Why won't it simlpy add the .01 and keep to 2dp??

The code:
cubicx = -100
DO UNTIL cubicx = 100.01 OR cubicroot3 <> 0 OR INKEY$ = CHR$(27)
IF (cubica * cubicx ^ 3) + (cubicb * cubicx ^ 2) + (cubicc * cubicx) + cubicd = 0 THEN
IF cubicroot1 = 0 THEN
cubicroot1 = cubicx
ELSE
IF cubicroot2 = 0 THEN
cubicroot2 = cubicx
ELSE
cubicroot3 = cubicx
END IF
END IF
END IF
cubicx = cubicx + .01
COLOR 1
LOCATE 16, 3: PRINT &quot;Testing: &quot;; cubicx; &quot; &quot;
COLOR 9
LOOP

What I think it may be doing is adding 0.09999, instead of 0.1, can I make this 0.1 absolute and totally accurate?

 

[bsh3]

You do not indicate if you had DIM'd cubicx as a single or double.
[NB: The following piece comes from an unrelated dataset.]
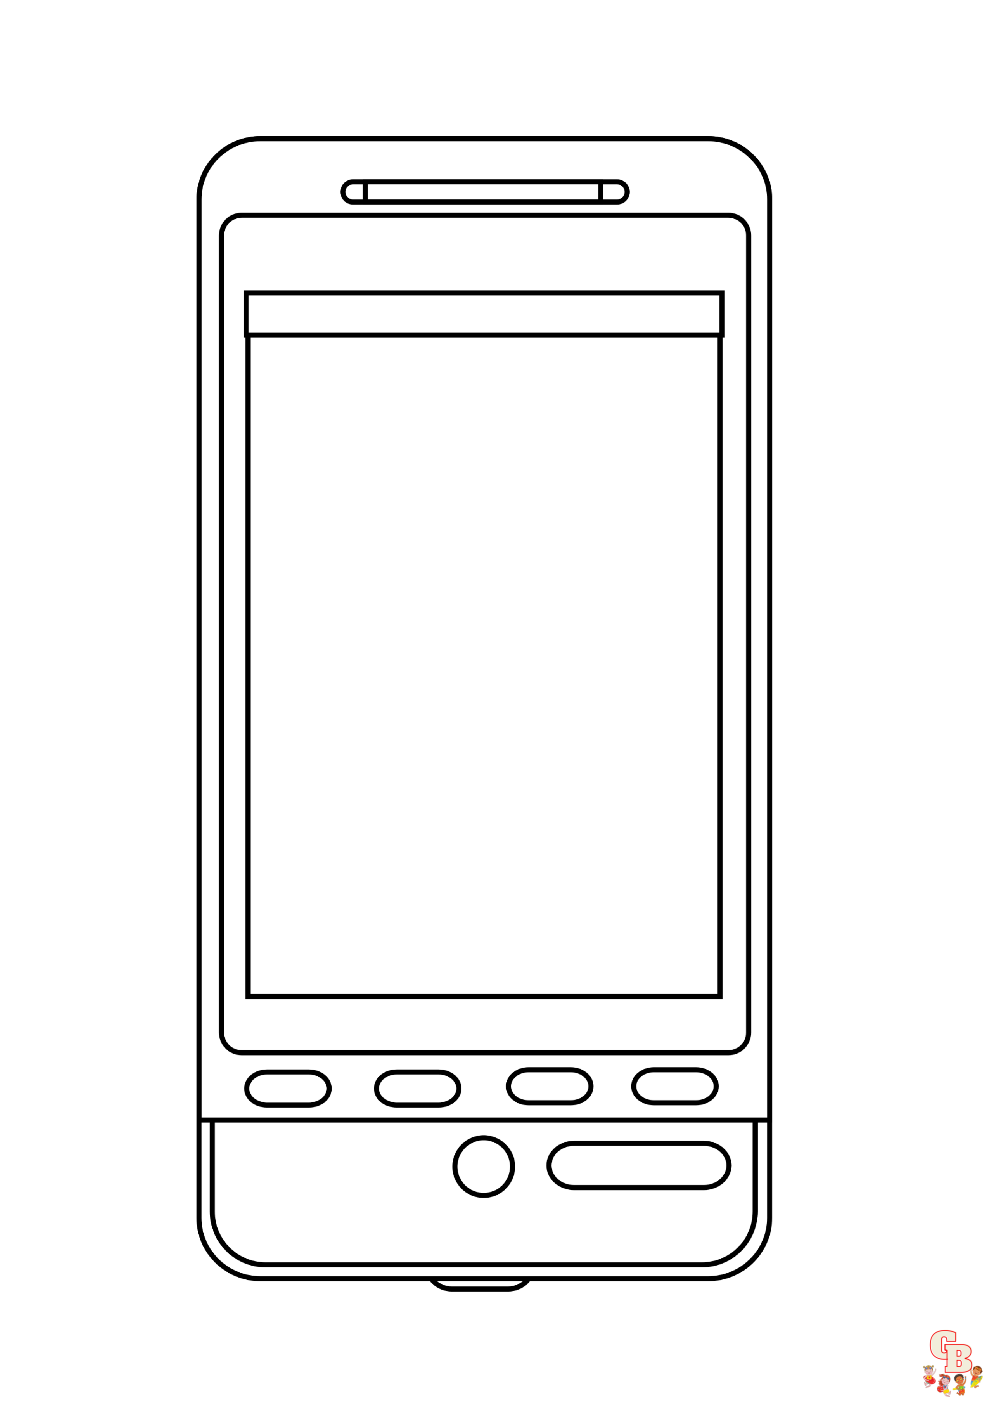 Phone Coloring Pages

I'd force it double with a:

Dim Cubicx as Double

Technical rationale:

1. You are close to the limit for &quot;precision&quot; for singles.

2. Single precision aritmetic is &quot;seriously&quot; affected by round-off errors. Therefore, you might want to range check the terminal test. If xxx > ??? and xxx < ??? then

bsh3

 

[Tominator]

Or you could test if cubicx >= 100.01, it will stop when it's 100.01001 or something

Tominator

 

[rogr]

yeah, i cud use the >= to stop it, but i want to test the values at step 0.01, so even tho it wud actually stop, the program wud test the wrong values!
cheers anyway.....i'll try the Double thing!

 

[rogr]

I tried the double and it just doubled the problem..with more decimal places to screw up.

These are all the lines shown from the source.